Experimental Results: The Numbers Speak for Themselves
After understanding the architecture and how to set up training, it's time to look at the results. And frankly: SimpleVLA-RL's results (arXiv:2509.09674, ICLR 2026) exceeded my expectations. From 86% to 99% on LIBERO, from 39% to 70% on RoboTwin, and most remarkably — just 1 demonstration + RL nearly matches 500 demonstrations + RL.
This post analyzes each result, explains why they matter, and distills 5 core lessons for anyone applying RL to robot learning.

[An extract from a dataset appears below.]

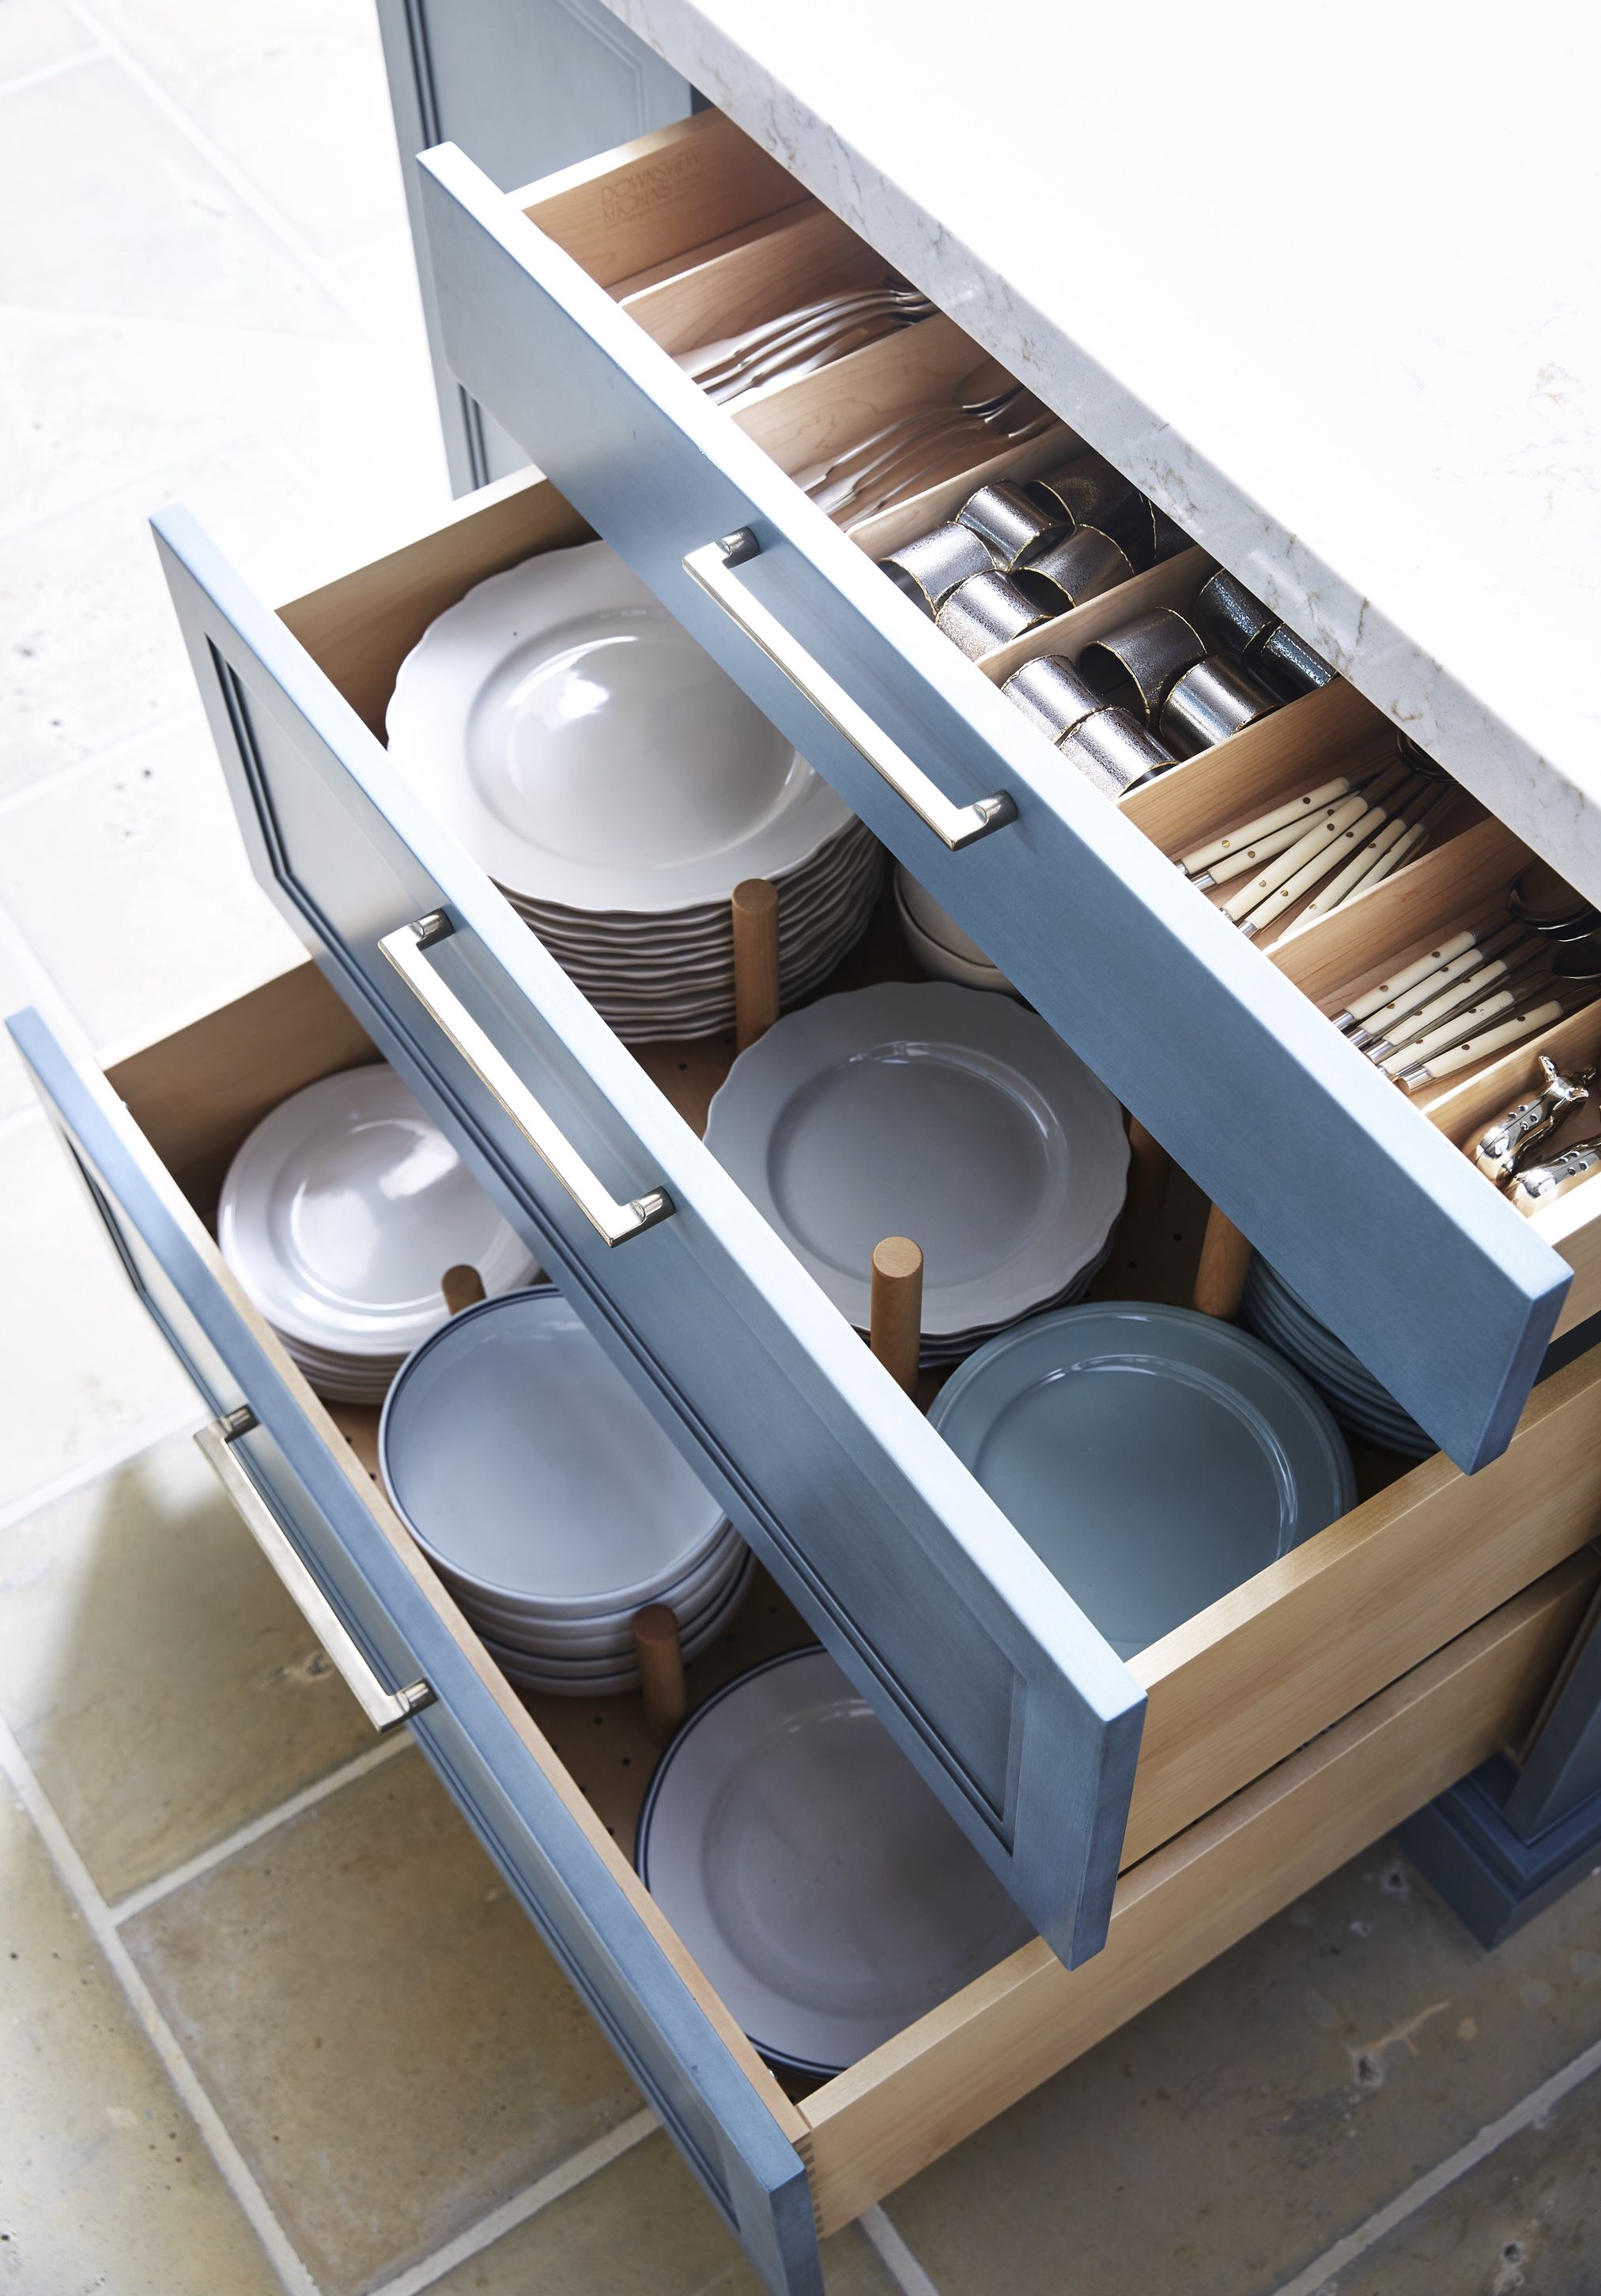 Why A Kitchen Drawer Might Make More Sense For Snack Storage Than

LIBERO: From Good to Near-Perfect
LIBERO is a benchmark consisting of 4 suites of increasing difficulty: Spatial, Object, Goal, and Long. Each suite contains 10 tasks, evaluated on 50 episodes per task.
LIBERO Results Table
| Suite | SFT (baseline) | SFT + RL | Improvement |
|---|---|---|---|
| Spatial | 95.3% | 99.1% | +3.8% |
| Object | 90.6% | 99.2% | +8.6% |
| Goal | 86.5% | 98.5% | +12.0% |
| Long | 91.0% | 99.1% | +8.1% |
Looking at this table, you might think "+3.8% on Spatial isn't that impressive." But reconsider: going from 95.3% to 99.1% means reducing the failure rate from 4.7% to 0.9% — a 5x reduction. In manufacturing, this is the difference between "pretty good" and "production-ready."

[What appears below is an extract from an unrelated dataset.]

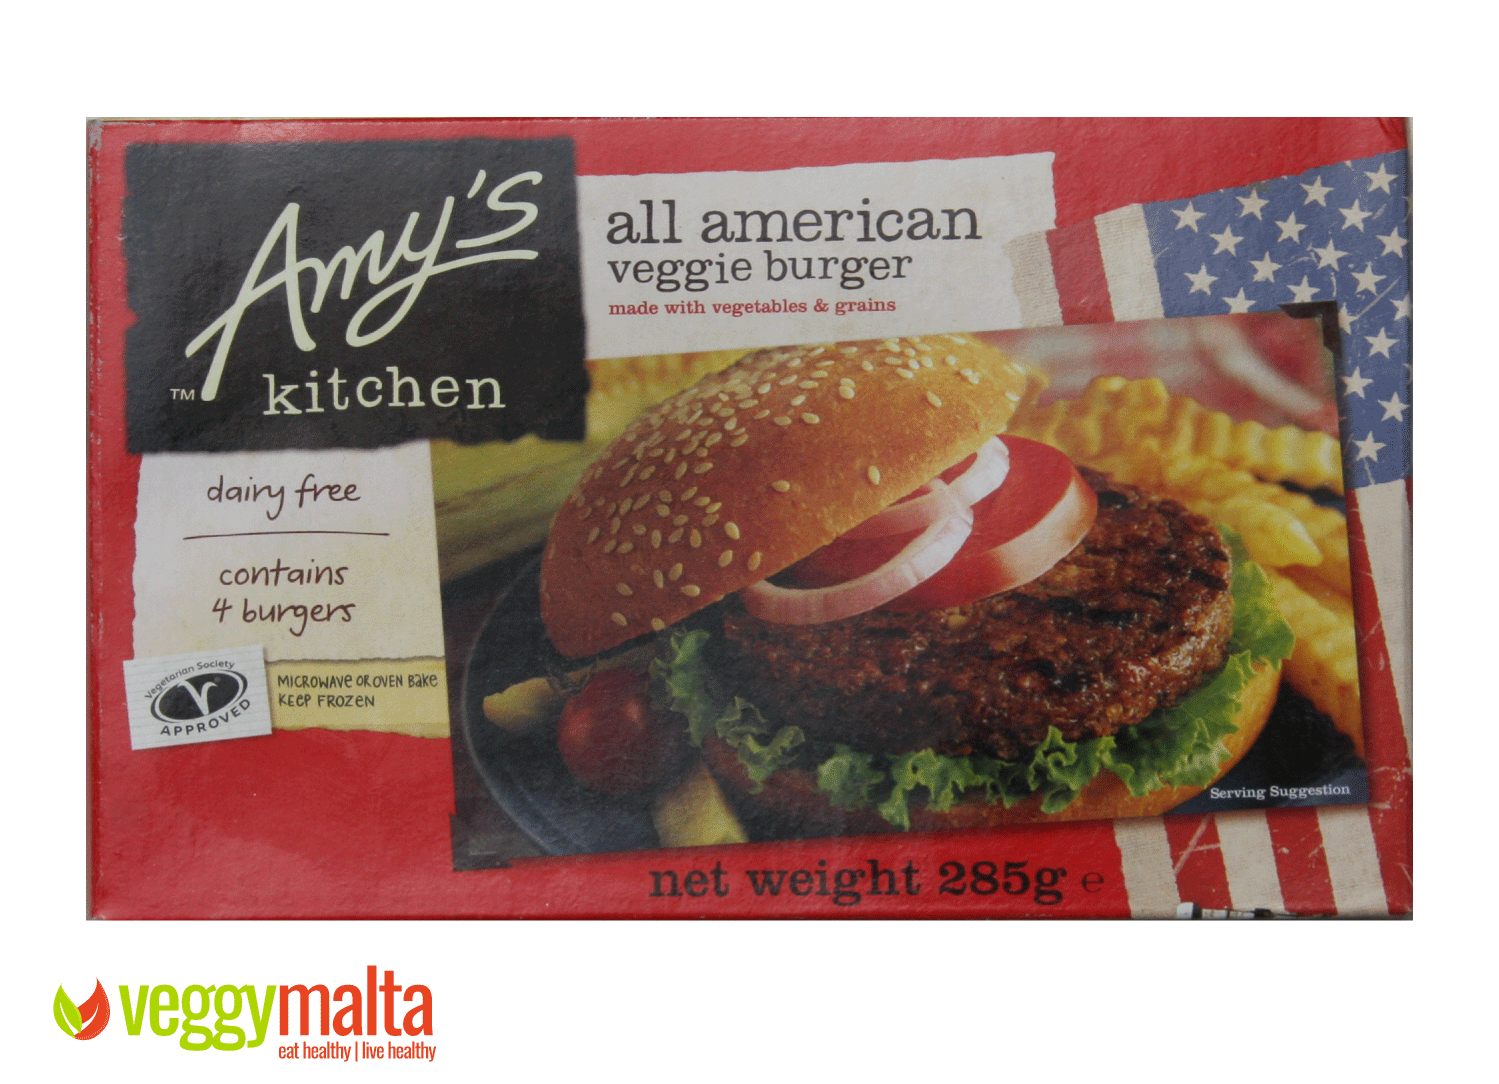 amys kitchen all american burger box rimus trading agency

The Goal suite shows the largest improvement (+12%) because that's where SFT was weakest. RL is particularly effective when the model already has basic capability but hasn't been optimized — it "polishes" performance, especially on edge cases that demonstrations don't cover.
How to Evaluate
To evaluate your model after training, just change one config flag:
# In the shell script, set:
# trainer.val_only=True
# Then run the script normally
bash examples/run_openvla_oft_rl_libero.sh
The script will load the checkpoint, run through all evaluation episodes, and report average success rate per task. Results are logged to W&B if configured.
The Cold-Start Miracle: 1 Demo Nearly Equals 500
This is the most shocking result in the paper. The authors tried reducing SFT demonstrations to the minimum and running RL:
| Demos (SFT) | SFT only | SFT + RL | vs. 500+RL |
|---|---|---|---|
| 500 demos | 91.0% | 99.1% | Baseline |
| 100 demos | 78.4% | 98.2% | -0.9% |
| 50 demos | 65.2% | 97.8% | -1.3% |
| 10 demos | 52.1% | 97.5% | -1.6% |
| 1 demo | 48.9% | 96.9% | -2.2% |
| 0 demos | 0% | 0% | RL completely fails |
Pause and appreciate this number: 1 demonstration + RL yields 96.9% — only 2.2% behind 500 demonstrations + RL.
What does this mean in practice? Collecting 500 demonstrations takes days (sometimes weeks) per task. Collecting 1 demonstration takes minutes. If SimpleVLA-RL scales, data collection costs drop by hundreds of times.
Critical Threshold: No Demos = No Learning
The last row is the most important: 0 demos leads to 0% success rate after RL. RL isn't magic — it needs the model to have minimum competence to produce at least a few successful trajectories, giving GRPO positive reward signals to optimize from.
Imagine teaching someone who has never cooked: you can give "tasty" or "terrible" feedback after each attempt, but if they don't know where the kitchen is or what a pot looks like, the feedback is meaningless. They need to see the process at least once before self-improvement through feedback becomes possible.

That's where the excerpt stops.